Endgame is going to be huge. Colossal. Probably one of the biggest events in movie history alongside Harry Potter and Star Wars coming back. And that kind of hype is hard to match, let a lone top. We’re seeing it with Harry Potter, with the new Fantastic Beast spinoffs giving us diminishing returns with every sequel, and while the numbered Star Wars movies make comically hilarious amounts of money the spinoffs only make mildly amusingly amounts of money, and Disney has already announced that post the release of Episode IX they’re going to scale back on the movie front and focus on smaller scale projects, like tv and video games. They seem to realize that there’s only so much juice you can squeeze out of an orange and they’d be better served to not try to milk the golden space cow.
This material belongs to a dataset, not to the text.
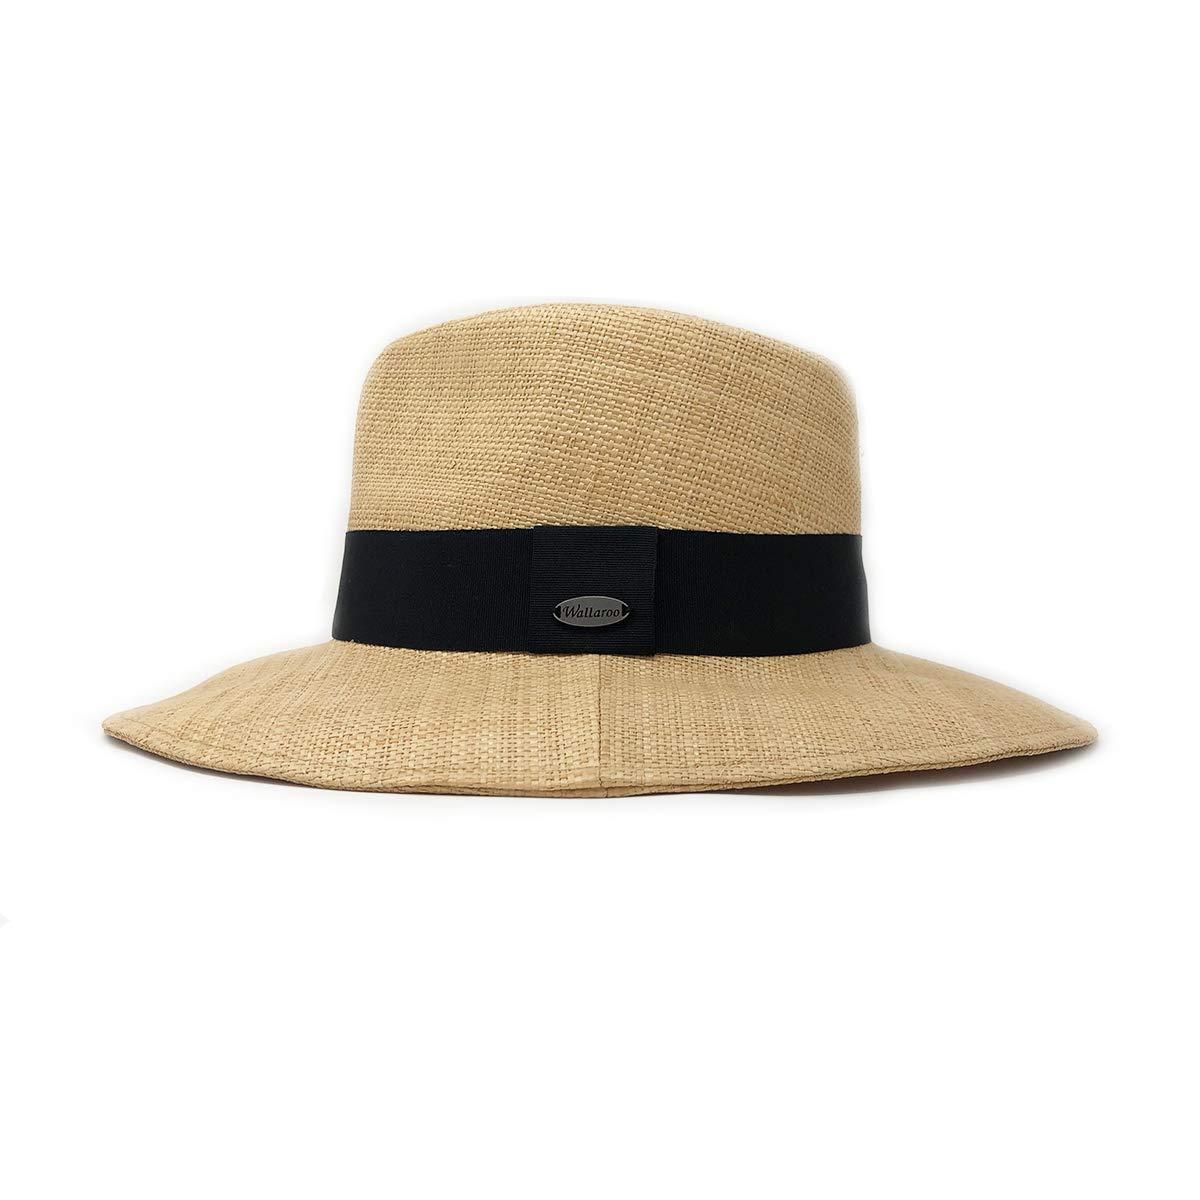 Wallaroo Hat Company Women's Morgan Fedora - Natural - UPF 50+, Modern Style by Wallaroo Hat Company (Image #2)
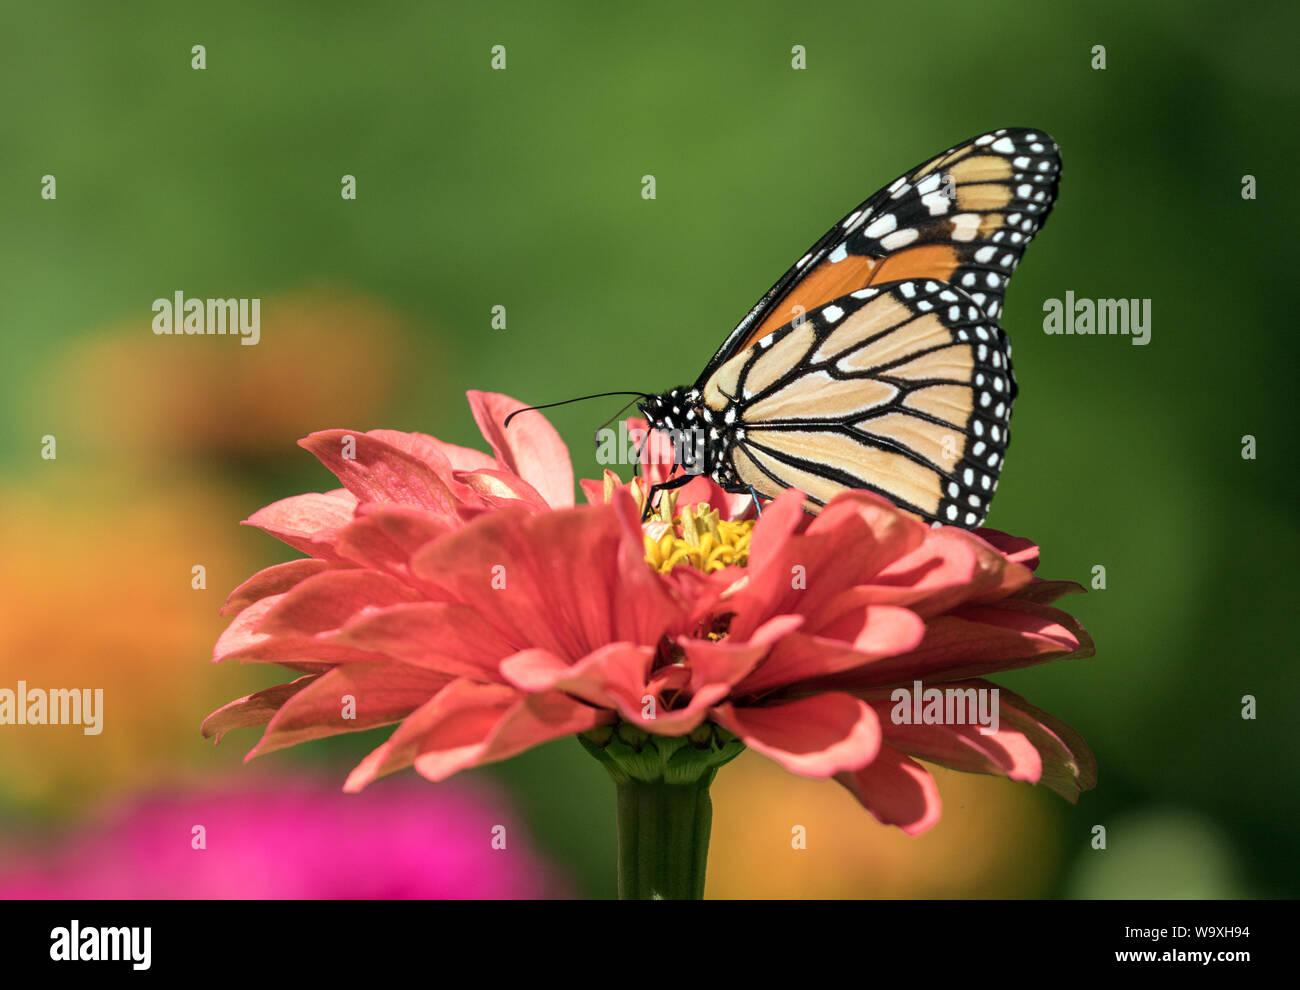 Closeup of Monarch Butterfly ( Danaus plexippus) taking nectar from Zinnia flower. Stock Photo

That was a lot of food based metaphors. It’s almost lunch time and I’m hangry. Apologizes.

The larger point I’m trying to make is that Endgame is that it’s the last chapter in a decade long saga. I was a sophomore in high school when Iron Man came out. I was young and optimistic, like baby Steve Rogers in First Avenger. Now I’m jaded and disillusioned, like Steve Rogers in Infinity War. Sun rise, sunset. Endgame really does feel like the end of an era, and I don’t know that comic book movies will ever feel as big or as grand as this, nor do I feel like they’ll ever rake in the kind of cash that they used to in a post Endgame world. Nothing’s going to feel as big after this, though I’m sure Marvel’s going to keep making movies. Some are probably still going to be on par with their best work, in terms of narrative quality.

I just don’t think they’ll ever feel as big, and that’s okay. This was a once in a generational event. To repeat it, or to try to replicate it is folly. It’s not something that you can just reproduce.  Endgame is the last hurrah. The final showdown. It’s time to sit back and enjoy it. Raise a glass to Marvel folks. They’ve earned it.

Of course I could be wrong. Marvel’s basically untouchable right now, and now they’ve got the X-men and Fantastic Four back who knows that kind of spectacles they can unleash.